= What to do =
Your answer needs to include each line of the records in which the string "Alamy" can be found.

= Data to use =
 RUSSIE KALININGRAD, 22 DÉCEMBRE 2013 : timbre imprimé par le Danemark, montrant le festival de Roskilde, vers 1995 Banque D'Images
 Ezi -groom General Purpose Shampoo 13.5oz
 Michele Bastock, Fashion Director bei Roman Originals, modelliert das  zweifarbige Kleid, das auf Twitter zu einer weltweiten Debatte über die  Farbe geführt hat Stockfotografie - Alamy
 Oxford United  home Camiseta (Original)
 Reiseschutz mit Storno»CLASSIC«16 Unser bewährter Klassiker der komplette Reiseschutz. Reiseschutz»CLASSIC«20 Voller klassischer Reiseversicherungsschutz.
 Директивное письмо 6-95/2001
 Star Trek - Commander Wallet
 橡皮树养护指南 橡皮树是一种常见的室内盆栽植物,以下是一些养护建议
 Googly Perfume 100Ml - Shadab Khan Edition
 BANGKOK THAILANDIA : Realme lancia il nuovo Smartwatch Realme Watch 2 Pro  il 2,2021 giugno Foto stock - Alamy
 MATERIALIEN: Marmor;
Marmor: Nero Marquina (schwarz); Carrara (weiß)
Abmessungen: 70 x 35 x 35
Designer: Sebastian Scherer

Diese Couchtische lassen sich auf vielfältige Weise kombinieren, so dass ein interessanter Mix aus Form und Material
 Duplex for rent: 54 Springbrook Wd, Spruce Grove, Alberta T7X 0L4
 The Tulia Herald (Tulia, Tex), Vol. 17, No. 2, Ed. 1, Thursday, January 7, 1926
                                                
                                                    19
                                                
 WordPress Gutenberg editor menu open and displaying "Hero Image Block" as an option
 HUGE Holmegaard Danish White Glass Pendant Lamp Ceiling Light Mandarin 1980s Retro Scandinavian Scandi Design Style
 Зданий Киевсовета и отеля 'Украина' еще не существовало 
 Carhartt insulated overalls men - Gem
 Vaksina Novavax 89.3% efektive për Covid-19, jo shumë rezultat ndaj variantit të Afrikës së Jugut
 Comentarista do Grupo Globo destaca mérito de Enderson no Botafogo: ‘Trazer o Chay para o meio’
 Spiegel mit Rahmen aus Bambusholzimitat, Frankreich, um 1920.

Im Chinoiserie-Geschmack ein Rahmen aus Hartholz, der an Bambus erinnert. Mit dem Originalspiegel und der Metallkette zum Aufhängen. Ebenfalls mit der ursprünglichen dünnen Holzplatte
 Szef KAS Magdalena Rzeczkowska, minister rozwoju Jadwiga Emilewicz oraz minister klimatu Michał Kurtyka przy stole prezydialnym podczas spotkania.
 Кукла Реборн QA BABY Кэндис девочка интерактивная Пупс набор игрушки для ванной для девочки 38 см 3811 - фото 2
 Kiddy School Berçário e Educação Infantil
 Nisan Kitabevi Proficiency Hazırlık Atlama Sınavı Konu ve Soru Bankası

= Reply to the exercise =
 Michele Bastock, Fashion Director bei Roman Originals, modelliert das  zweifarbige Kleid, das auf Twitter zu einer weltweiten Debatte über die  Farbe geführt hat Stockfotografie - Alamy
 BANGKOK THAILANDIA : Realme lancia il nuovo Smartwatch Realme Watch 2 Pro  il 2,2021 giugno Foto stock - Alamy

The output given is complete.